Yesterday was the day that Chris Woollard, the FCA’s new CEO, stepped up to the plate and took command.
It began with the publication of the the FCA’s 2020/21 Business Plan
What followed was guidance to regulated firms about what can and cannot be said on pensions and retirement income
Earlier this month, the FCA published a joint statement with TPR and The Money and Pensions Service urging savers to stay calm and not rush into making any decisions about their pension in response to the coronavirus.
Taken together these initiatives demonstrate an intent to support people through this tough period and I urge you to read these documents as they get to the heart of how we are expected to behave as businesses and consumers to manage our way through this crisis and beyond.
The business plan
The FCA have 5 key priorities, the four that are external are in bold.
Transforming how we work and regulate
Enabling effective consumer investment decisions
Ensuring consumer credit markets work well
Making payments safe and accessible
Delivering fair value in a digital age
The FCA’s need to transform itself was obvious. It was and is too slow in dealing with matters – from authorisations to scams. The document is frank in accepting this. We must take Chris Woollard at his word, the FCA needs to transform itself if it is to stay a top regulator.
And in changing itself, it needs to change the way in which we make our financial decisions – particularly in a digital age. I hope that my firm , AgeWage, can be a part of that.
The transformation in the short term will be impeded by the logistical challenges of lock-down. The immediate priority is to protect people today. But it’s clear that in the aftermath of lockdown, transformation will be easier, though no less painful.
I applaud the FCA for publishing this document and – since I hope to work within its perimetre, I am very glad I can see its direction of travel – thank for sharing!
Guidance on pensions and retirement income
Look what’s now top of the table of FCA risks for drawdown customers – sustainability of income in retirement. Make sure that enough of your clients’ income is secure. https://t.co/WWOQMwaa1s
— Adrian Boulding (@AdrianBoulding) April 7, 2020
A friend of mine messaged me wondering whether Adrian was tongue in cheek. No doubt Adrian will comment if I’m wrong, but I don’t think he was.
In the business plan, the FCA said
At present we see significant risk of harm in these markets, in part driven by the way consumers have been given additional responsibility for complex investment decisions, through the shift to Defined Contribution (DC) pensions and the Government’s 2015 pension freedoms.
Viewing the pension freedoms as creating “risk of harm” is a radical thing for the FCA to say. It is after all an organisation that reports to the Treasury, the architect and implementer of those freedoms.

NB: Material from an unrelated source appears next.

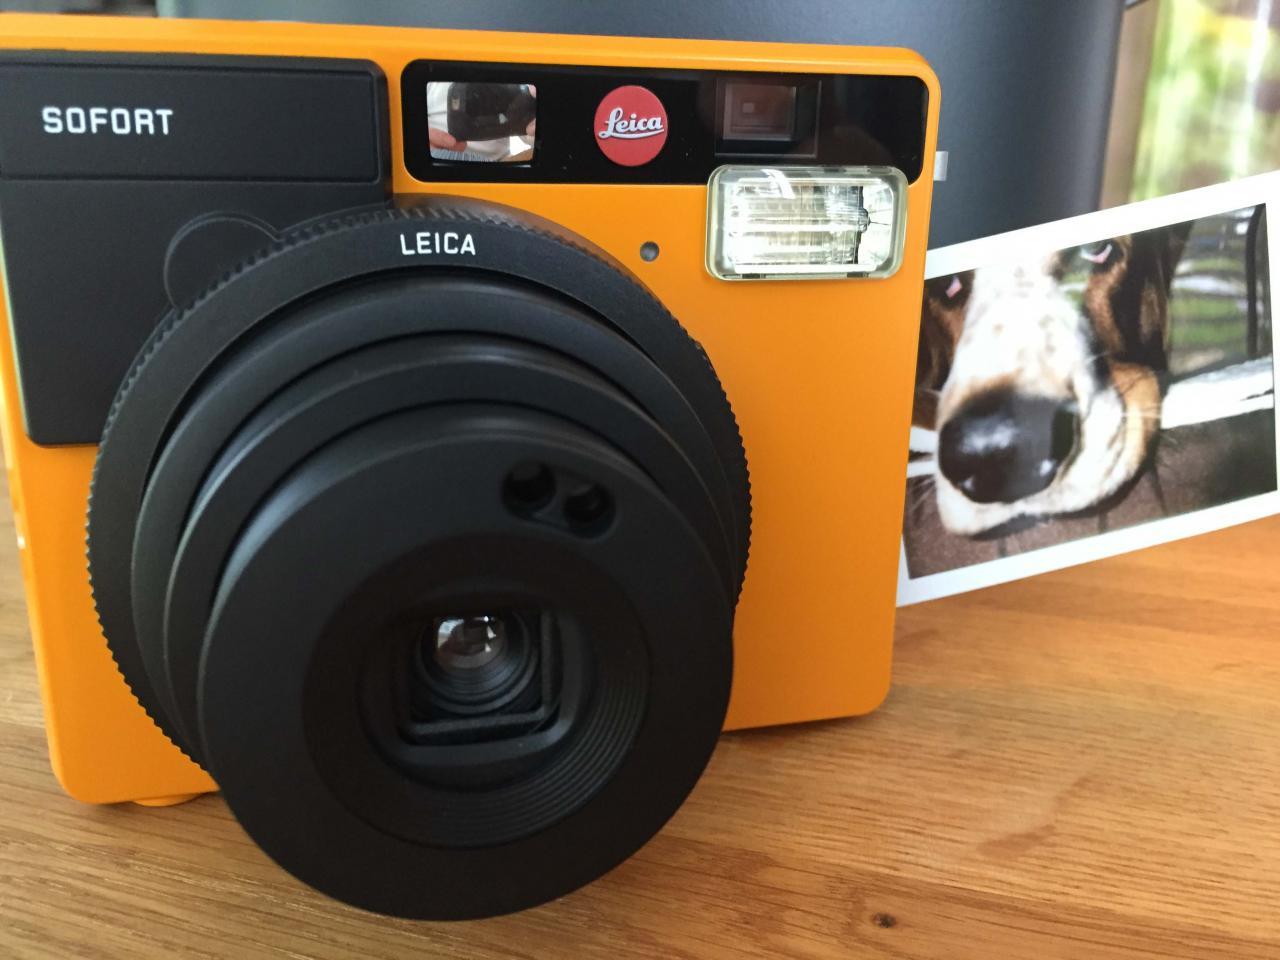 Leica_Sofort (2 von 2).jpg
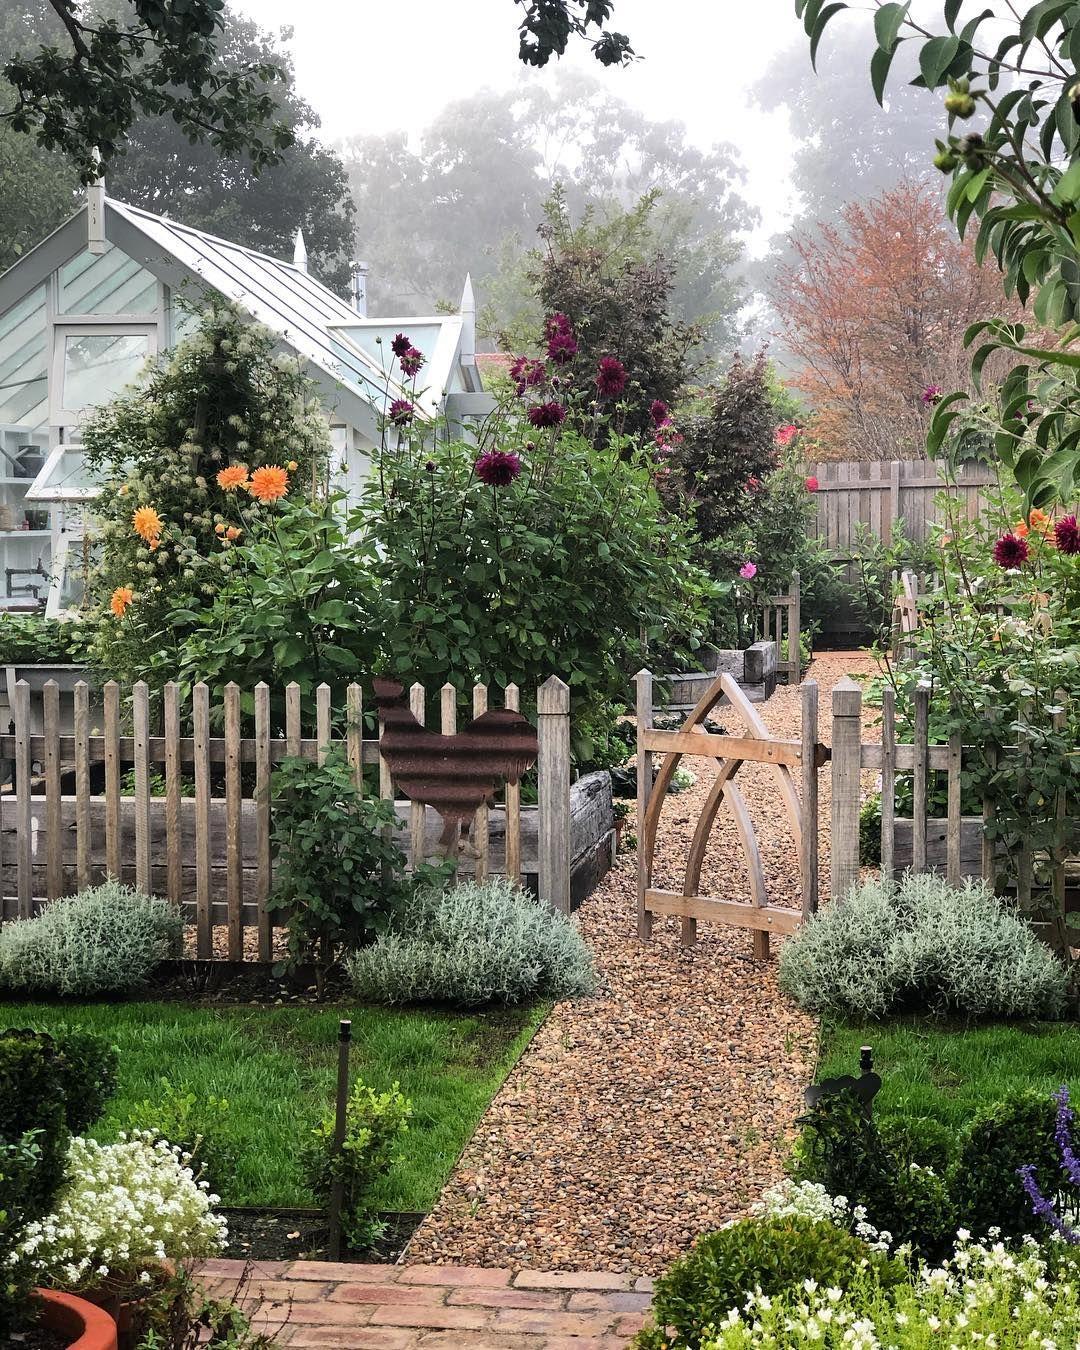 Jardin Fleur Beau L Image Contient Peut ªtre Plante Arbre Fleur Plein Air

The Guidance on pensions and retirement , published within hours of the Business Plan makes it clear that providers will be expected to be responsible – if not for advice – certainly for support to those taking tough decisions. I have jokingly likened the point at which most people take decisions on their pensions to the Strait of Hormuz, the current pandemic makes navigating that waterway look like an outing on Lady Lucy.
What can be said right now.
So it is good news that the FCA are now publishing guidance about the conversations that providers can have with customers at this time
It applies in the exceptional circumstances of the coronavirus pandemic and its impact on pension savers. It is not intended to apply in other circumstances.
What follows looks like a series of photo- captures from white-boards.
There are several pages looking at risky consumer behaviours , the bad outcomes that could follow and the kind of things that providers could say (without giving advice).
These statements go way beyond what is currently said, it may be that these are emergency measures, but it is hard to see how the genie can be put back in the bottle.
The FCA awakens
Whether it is new management , COVID19 – or part of a great masterplan, the two papers yesterday, and the consumer guidance last week show a quite different FCA.
We shouldn’t be surprised by anything in this current crisis , but I am greatly encouraged to see the FCA at last addressing these key issues.
- We do need a better way to explain to people the risks of liberating pension money
- We need to promote the need for a lifetime income – a wage in retirement.
- And the Government needs to take action to help people take good decisions in a digital age.
I’m very pleased that we will be doing just that and I’m glad that AgeWage will be doing it with the FCA.